In the autumn of 1995, the bogeyman came to Lewiston.
Big and broad-shouldered he was, with eyes black as pitch and utterly devoid of human compassion. Like the bogeyman your mother warned about, this one crept about in dark places and preyed on the innocent and unwary. His heart was black, his deeds blacker still.
He flung one victim into a closet, where her corpse lingered in the fetid dark for days before being discovered. Another, he snatched out of the bright light of the sane world and dragged into his darkness to abuse, murder and discard.
In court records, he was called Lloyd Franklin Millett, but deep down in our hearts, most of us knew better. This was the bogeyman, plain and simple. This was the looming horror we have all dreaded since we were wee people in pajamas tucked into our beds.
In the wake of Millett’s short-but-horrific rampage, nobody rose up to argue in his defense. There were no rowdy debates in bars or in the crow-like gatherings around office water coolers. There was nobody to raise the idea that maybe he had been provoked or had killed in self-defense.
Millett’s own lawyer did not make these arguments: The man had confessed to the grisly crimes, after all. The only thing left for the courts to decide was what was to be done with him. What IS a proper punishment for a monster who lunges out of our collective bad dreams to run amok in the waking world?
Millett was sent to prison where 15 years later, he was beaten to death by another inmate. This local bogeyman was gone forever, but of course, the evil he embodied lives on.
Let me be straight about something. I do not believe that every killer who comes our way is an irredeemable devil sprung from some underworld of wickedness. The bulk of the killings we see are downright mundane, as murders go, and there is almost always a vast gray area to be explored, and moral ambiguities to be pondered.

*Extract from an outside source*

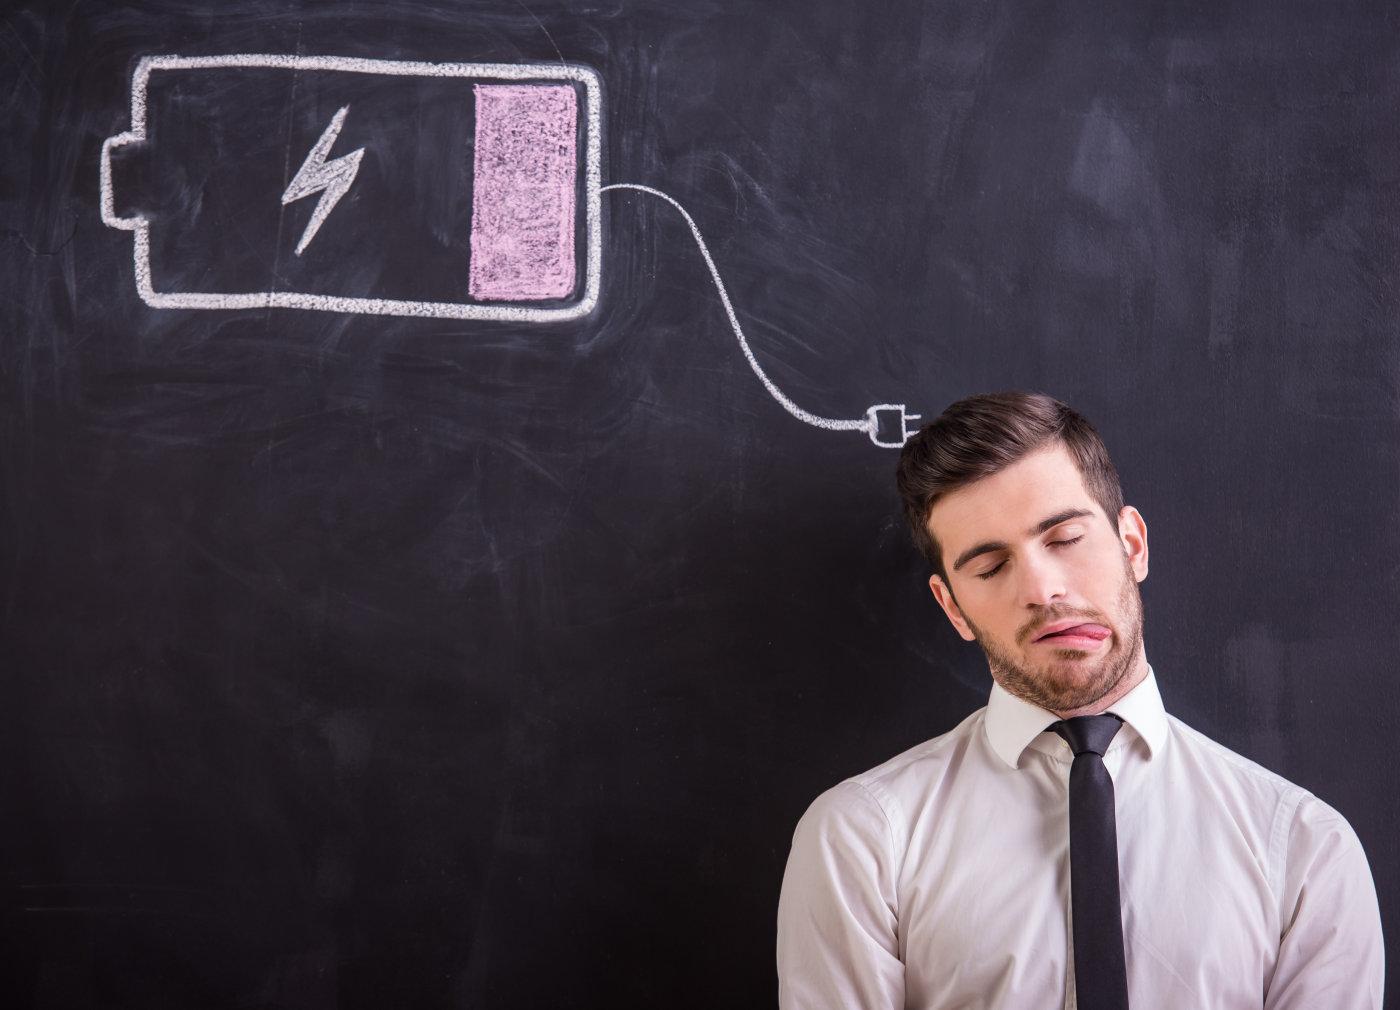 新的燃料电池设计能让手机用上一星期!

Drug dealers gun down drug dealers in disputes over territory. Street brawlers die in knife fights. Husbands kill wives, wives kill husbands, and the prison walls practically bulge with the ever-swelling mass of sinners within.
Killers the lot of them, but are they bogeymen?
No. But I would put forth the proposition that Albert Flick has earned the distinction.
On a morning in July 2018, the 77-year-old hobbled up a Lewiston sidewalk where he stabbed a 48-year-old woman no less than 11 times in front of her children. Why did he kill her? Because he wanted her and could not have her, is the general consensus. Because his soul is twisted and his heart is black, goes the more specious proposal.
Or maybe Flick was just one more bogeyman sent out into the world to give a face to our oldest fears and to keep good and evil perpetually in balance.
When Albert Flick was put in chains and sent shuffling off to the jailhouse, nobody rose up to argue in his defense. There were no rowdy debates in bars, nobody to raise the idea that maybe he had been provoked or had killed in self-defense. Like Millett before him, Flick was universally recognized for what he was.
And yet every time we publish a news story about him, I find myself gazing at his jail mugshot for longer than I care to. I look until it becomes unnerving.
That frown so deep it transforms the entire face into a sneer of disdain. The angry, unrepentant eyes. Every time I behold the face of Albert Flick, I see a man who wants to spit on me — on all of us. I sense the same kind of hatred and arrogance seen in the faces of former Nazis captured in far-flung places after decades on the run.
Mainly, I see the bogeyman, an ancient spook that provokes an inner voice to whispering: Don’t let your children walk to the playground on their own. Be sure your wife is well-prepared before sending her across the dark parking lot by herself. Lock your doors, amigo, and bolt your windows. Bogeymen are afoot, as ever.
Flick is a bogeyman who had escaped the confines of our nightmares too many times. In 1979 he stabbed and killed his wife. When he was freed from prison, he attacked another woman. In spite of that, he was released once more into the world, and now, collectively, we bear the grim memory of Kimberly Dobbie and her children like scars upon our hearts. We bear the memory like shame because the woman was taken so easily, so viciously and right before our eyes in the bright light of day.
Maybe that’s the true purpose of the bogeymen: Maybe they are unleashed upon us to serve as reminders that no matter how modern our world becomes, and no matter how enlightened we think we are, none of us is ever truly safe. Surveillance cameras on every corner? Didn’t help Dobbie any. Smartphones with easy access to 911? Nope.
True evil is a force of nature, as undeniable as cracks of thunder on a calm day or tornadoes that spin their destruction beneath blue skies.
Lloyd Franklin Millett is dead and buried, Albert Flick is caged. Yet who among you has heaved a sigh of relief and thanked your gods that the bogeyman is gone forever? Most of us know better. The next bogeyman awaits in a clump of shadows just down the street or in the unknown darkness of the parking lot your wife has to cross each night.
The bogeyman is never gone for good. He just changes faces now and then and gets back to his black work. The best we can do is to prepare ourselves and pray that we recognize him when he comes.